Figure 2. Percentage of constricted and unconstricted vocalizations in the first six months of life. (Bettany 2004: 60)
Bettany added to our team’s findings by conducting a detailed analysis of the interaction of pitch and constriction and, in turn, of alternations between different types of vocalizations−a type of analysis that is very fruitful in the understanding of speech development and that will be extended to a larger and more diverse group of infants as our infant speech database grows. In the speech development of this particular infant, the fifth month of life was a critical period not only in the transition from predominantly contricted to unconstricted settings, but in the exploration of pitch and an increase in the incidence of alternations between constricted and unconstricted settings at various pitch levels. In Bettany’s analysis, the expanding repertoire of the infant seems to be occurring primarily as a function of increased laryngeal control, highlighting the importance of the laryngeal sphincter in speech development.
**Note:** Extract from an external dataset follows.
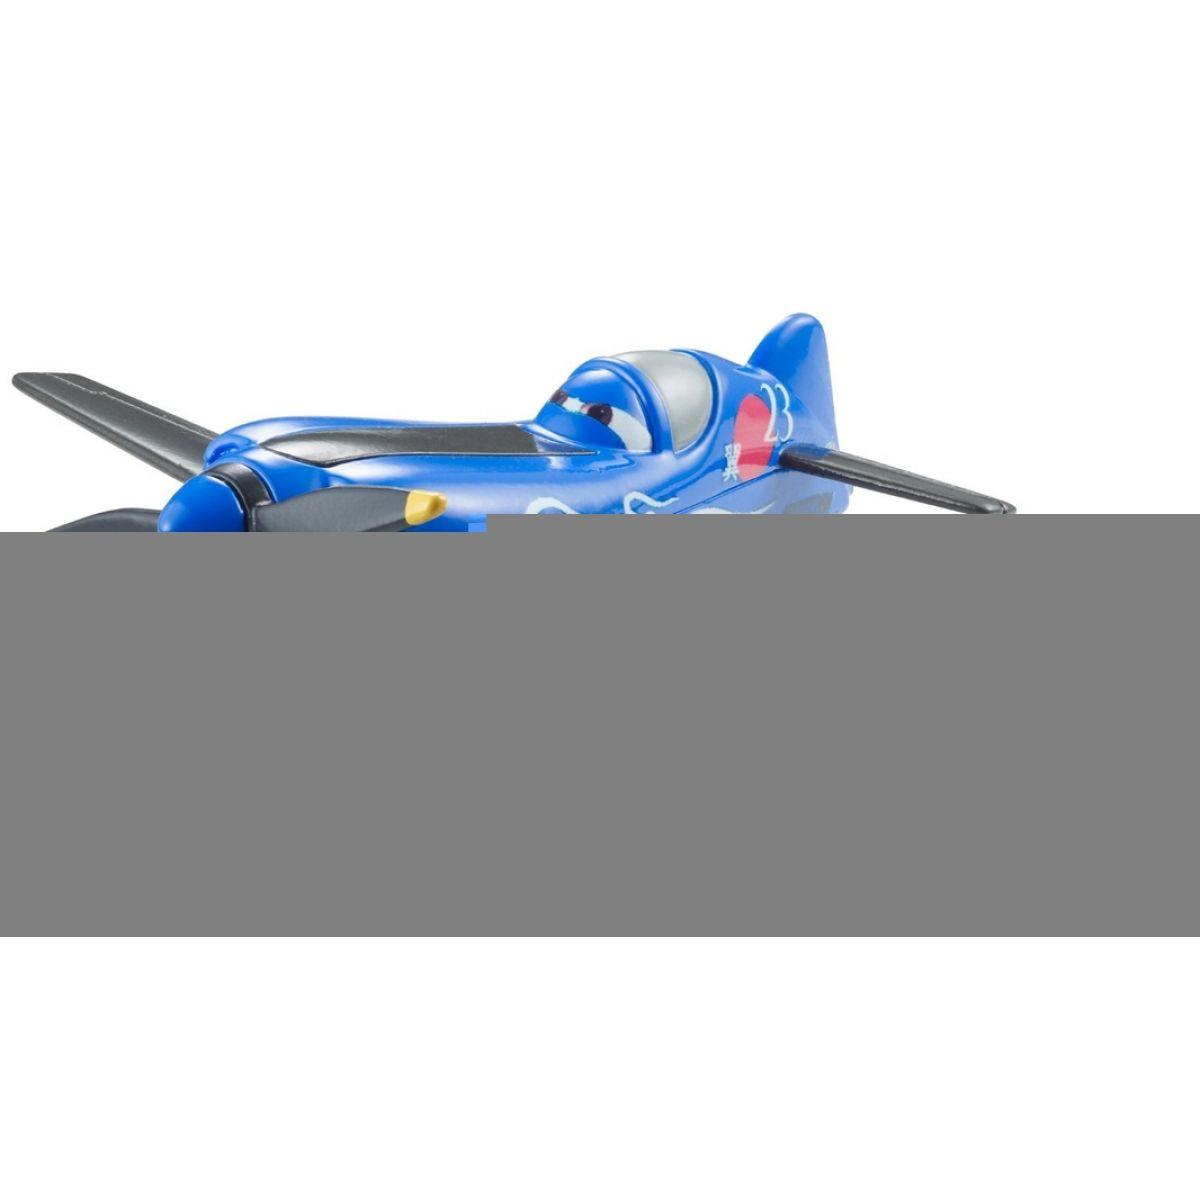 Letadla Planes Mattel X9459 - Tsubasa

As we extend our analysis to French, Moroccan Arabic, and Bai-speaking Chinese infants, we will be interested to see how infants from a variety of backgrounds exploit the same biological tendencies and associated phonetic parameters to reach different linguistic outcomes.
This paper has provided a brief overview of our collaboration with other researchers around the world to document infant speech development. We believe that our web-based XML database will allow researchers to share, exchange and compare a large amount infant vocalization data in ways that were not possible even in the recent past. This collaboration, still in its first stages, will enhance our understanding of the role of laryngeal mechanisms in the phonetic development of infants in the first year of life.